身代わり花嫁は若き帝王の愛を孕む~政略夫婦の淫らにとろける懐妊譚~
ギクリとした父は、慌てて言い繕う。

「いえ、決して質が悪いわけではございませんが、京蕗さんには高名な作家が手掛けた由緒正しいものを身に付けていただきたいと……」

そう言って父が持ってきた帯は、この店で一番高額で価値のある品だ。菖蒲であっても、きっとそれを選ぶだろう。
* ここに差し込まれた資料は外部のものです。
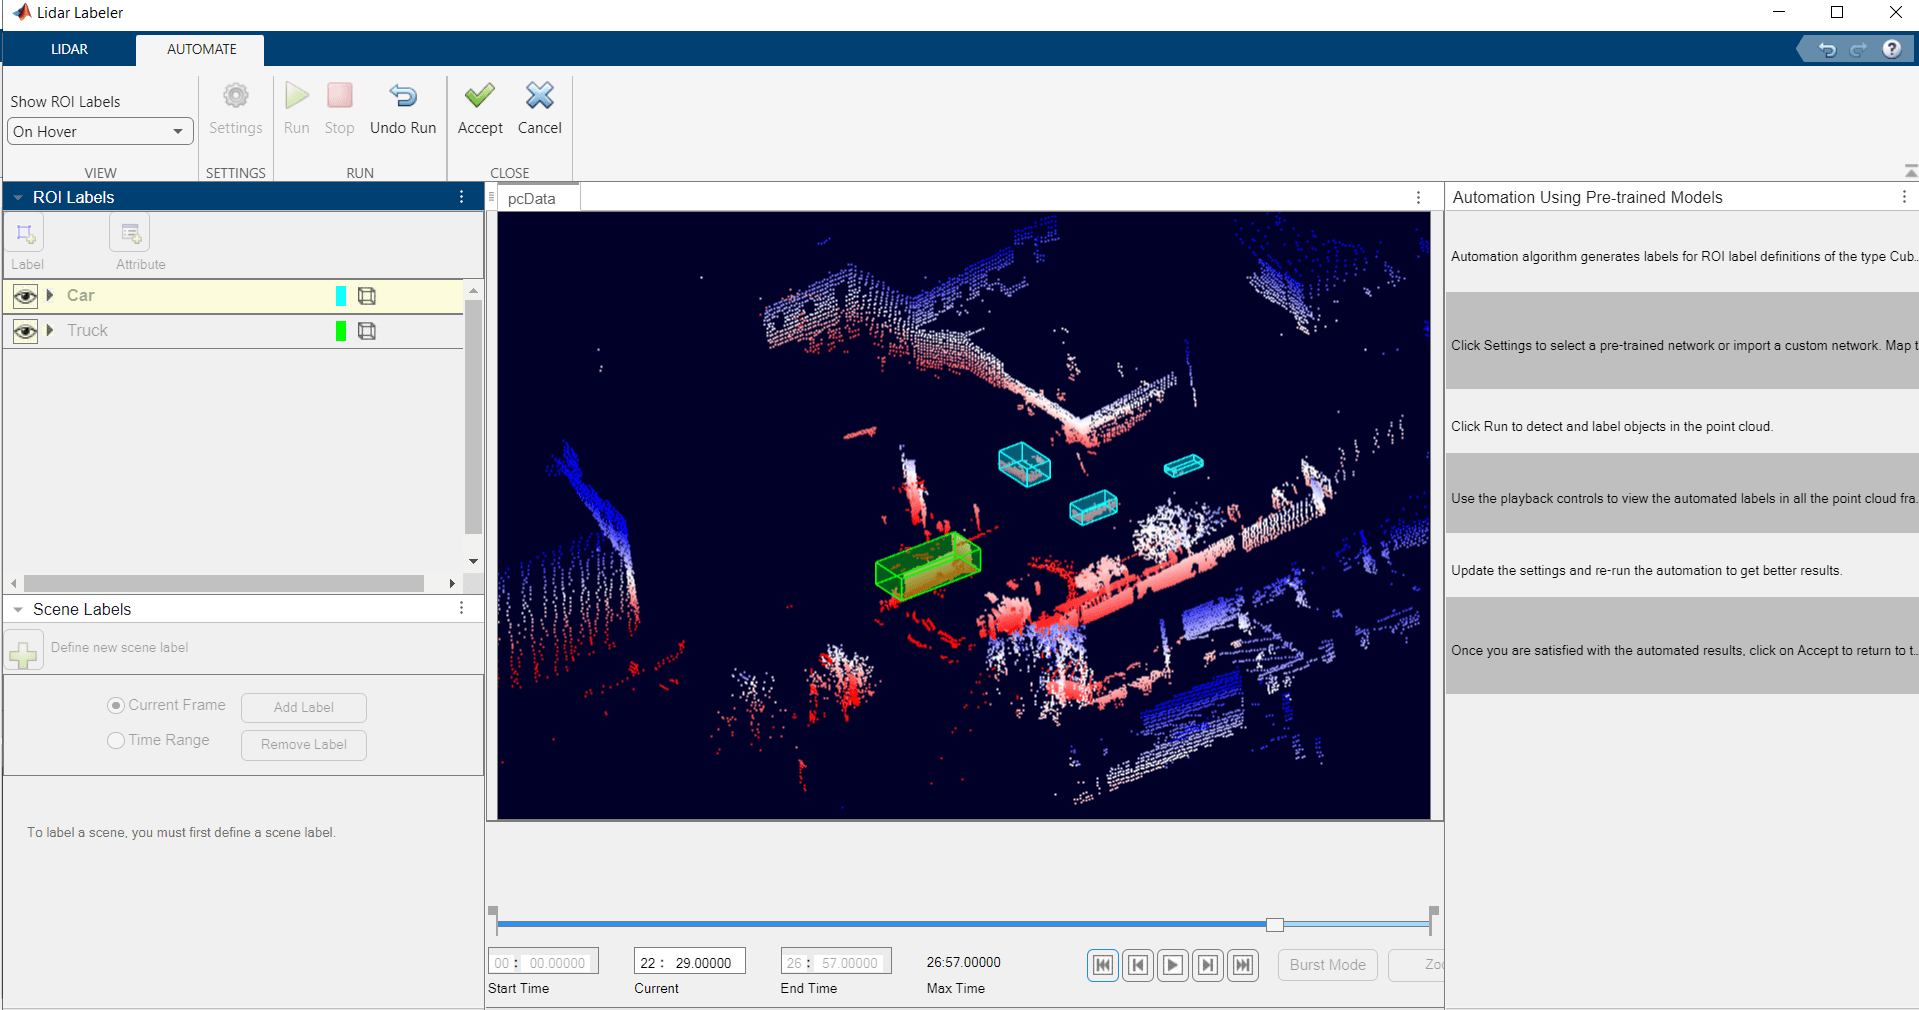 Automate Ground Truth Labeling for Point Cloud Using Pretrained Deep Learning Model

だが自分らしいチョイスではないと感じた椿は、父に反論する。

「確かに伝統的だし由緒正しいものではありますが、仁さんにありふれた価値観のものは勧めたくないんです」

「『ありふれた』とはなんだ、みなせ屋一の逸品だぞ!」

「そういう意味ではなくて」

お金さえあれば誰でも仕上がるコーディネートに何の意味があるというのか。

せっかく仁が和装に興味を持ってくれたのだから、かけた金額で決まってしまうような『ありふれた』着こなしを勧めたくない。

「誰が選んでも同じ着こなしでは、私が選ぶ意味はないと言っています。伝統に囚われて型にはまって欲しくないのです」

それに、椿の選んだ帯は意匠こそ斬新ではあるものの、伝統的な技法を使った逸品であることは確かだ。仁を飾るに遜色はない。

父はぐっと喉を鳴らす。せっかくの上客に高いものを売りつけんでどうする!という怒りの声がテレパシーのように伝わってきた。

しかし、仁が静かに父を牽制する。